Po is trying to solve the following equation by completing the square: $$49x^2+56x-64 = 0.$$He successfully rewrites the above equation in the following form: $$(ax + b)^2 = c,$$where $a$, $b$, and $c$ are integers and $a > 0$. What is the value of $a + b + c$?

Thanks

WhichWitchIsWhich
Oct 22, 2017

#5**+1 **

(x - \(\frac47\))^{2} = \(\frac{80}{49}\)

On this one...to get a , b , and c as integers, we can multiply both sides by 7^{2}

7^{2 }* (x - \(\frac47\))^{2} = 7^{2} * \(\frac{80}{49}\)

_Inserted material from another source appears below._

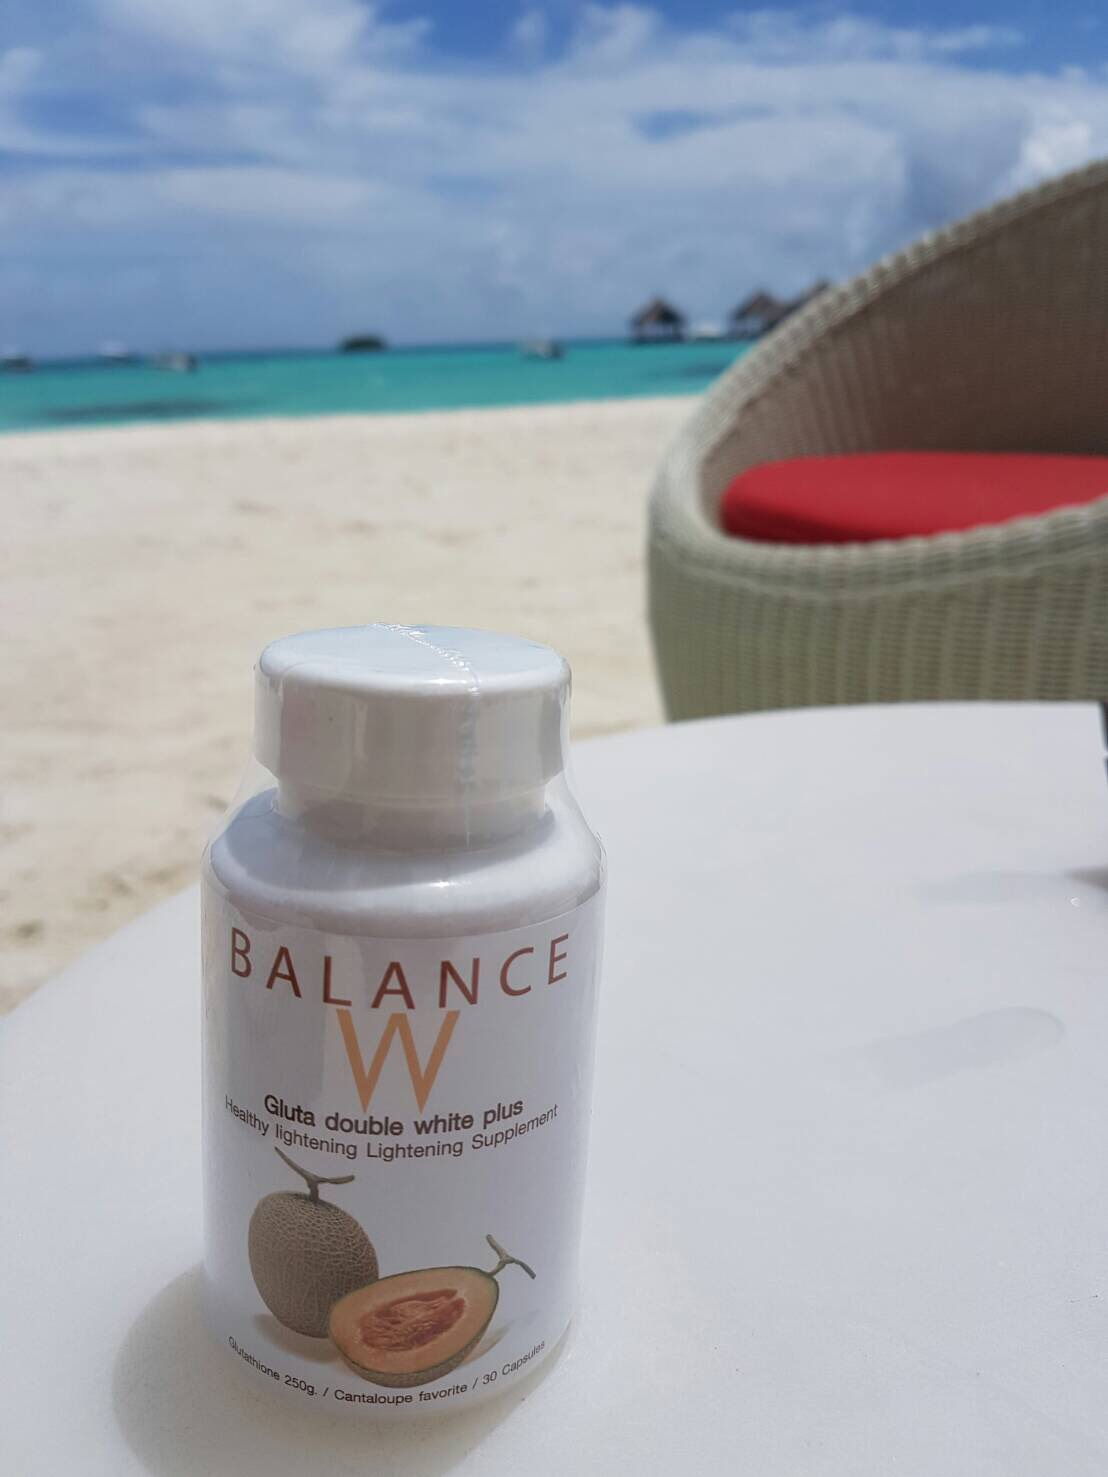 BALANCE W ( บาล๊าน ไวท์ )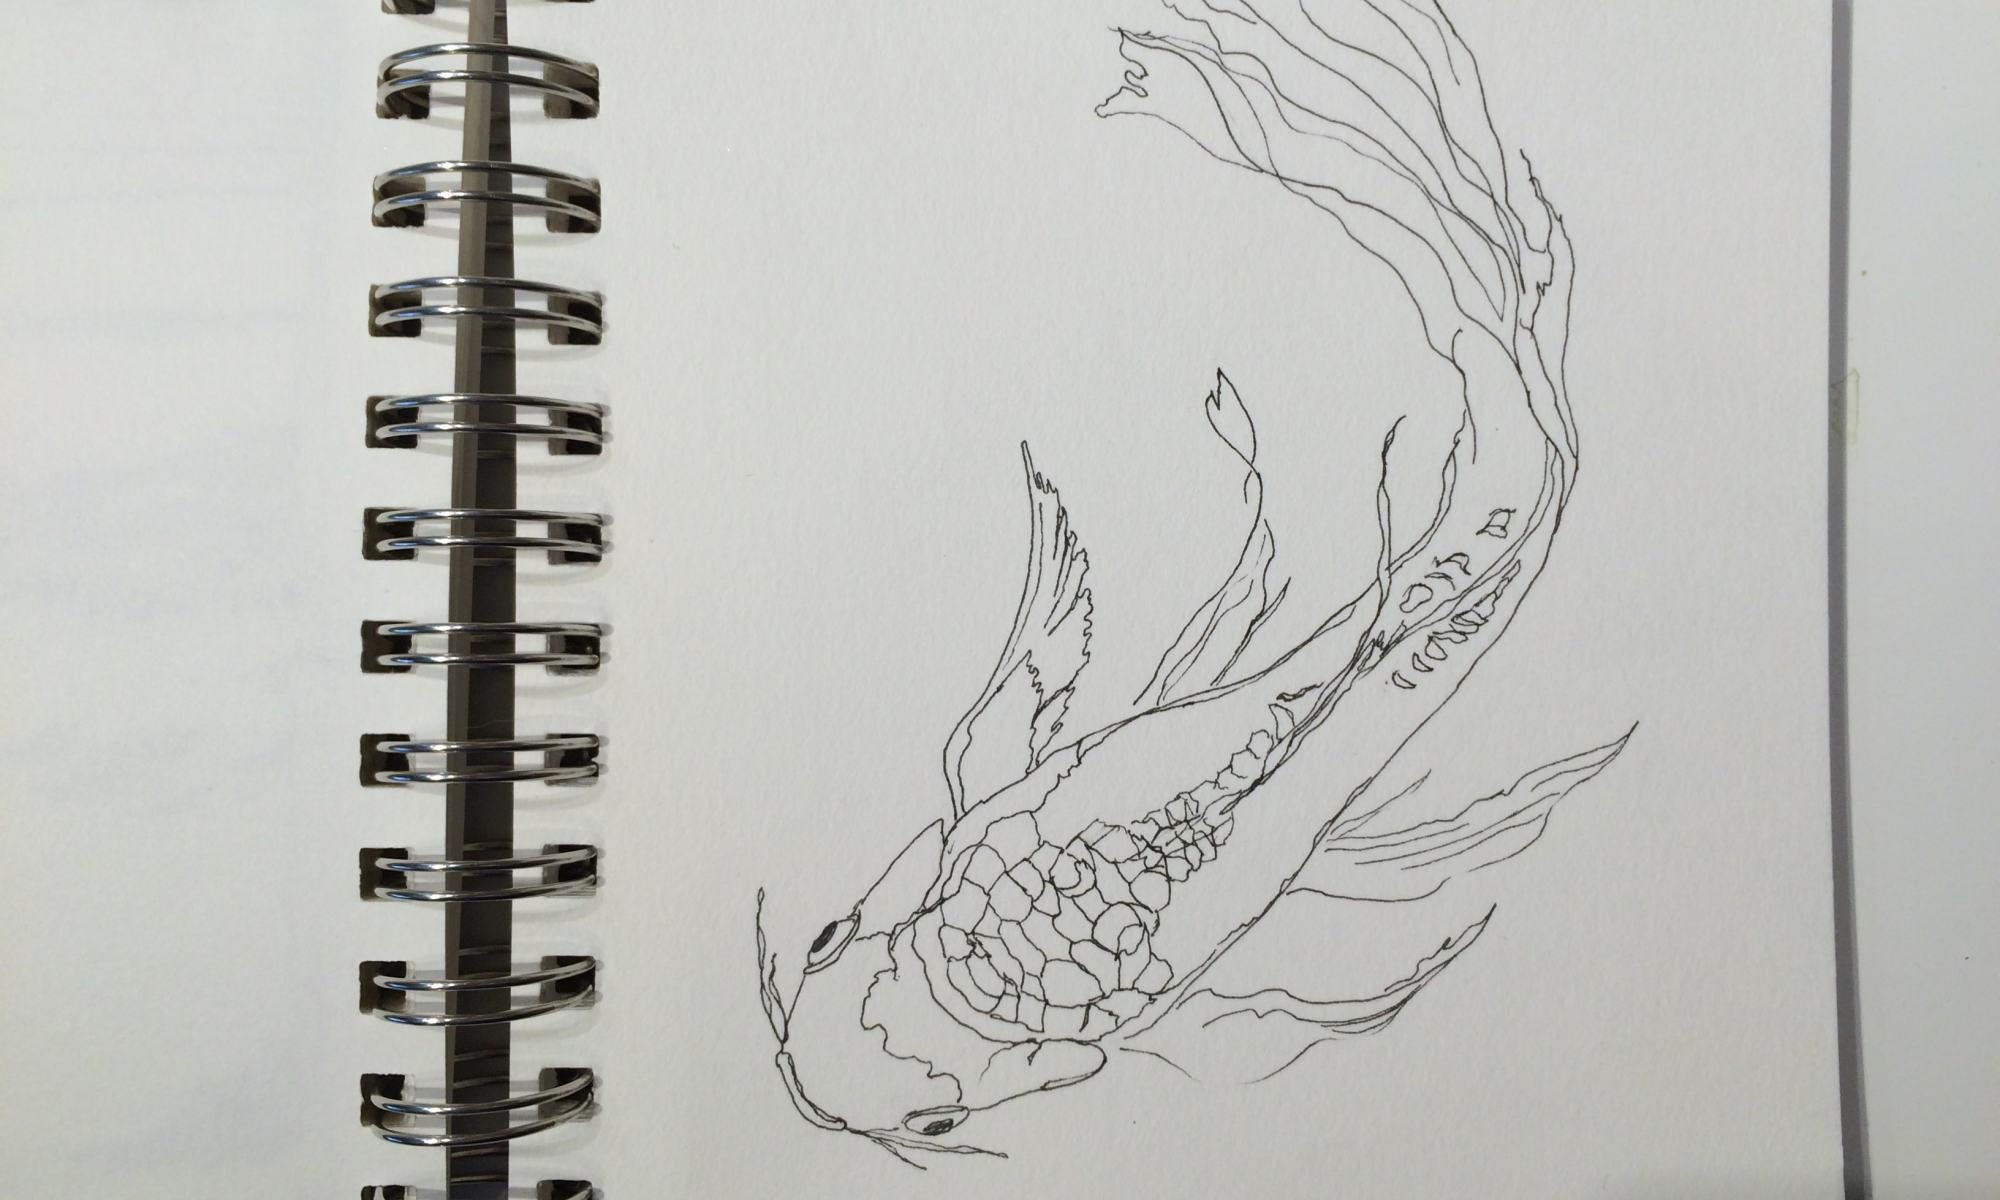 Butterfly koi sketch.

( 7 * (x - \(\frac47\)) )^{2} = 49 * \(\frac{80}{49}\)

(7x - 4)^{2} = 80

And... 7 + (-4) + 80 = 83

hectictar
Oct 22, 2017

#1**+1 **

Follow the procedure shown at: https://web2.0calc.com/questions/if-we-express-3x-2-6x-2-in-the-form-a-x-h-2-k-what-is-a-h-k

Alan
Oct 22, 2017

#2**+1 **

Thanks really but I'm not sure I understand the answer there... Can you expound please? thanks so much!

WhichWitchIsWhich
Oct 22, 2017

#3**+2 **

49 x^2+ 56x- 64 = 0 divide through by 49

x^2 + 56/49 - 64/49 = 0

x^2 - 8/7 - 64/49 = 0 add 64/49 to both sides

x^2 - 8/7 = 64/49

Take 1/2 of 8/7 = 8/14= 4/7......square it = 16/49 add it to both sides

x^2 - 8/7 + 16/49 = 64/49 + 16/49

x^2 - 8/7 + 16/49 = 80 / 49 factor the left side

(x - 4/7)^2 = 80/49

So a = 1, b = -4/7 and c = 80/49

And a + b + c = 1 - 4/7 + 80/49 = [ 49 - 28 + 80] / 49 = 101 / 49

CPhill
Oct 22, 2017

#5**+1 **

Best Answer

(x - \(\frac47\))^{2} = \(\frac{80}{49}\)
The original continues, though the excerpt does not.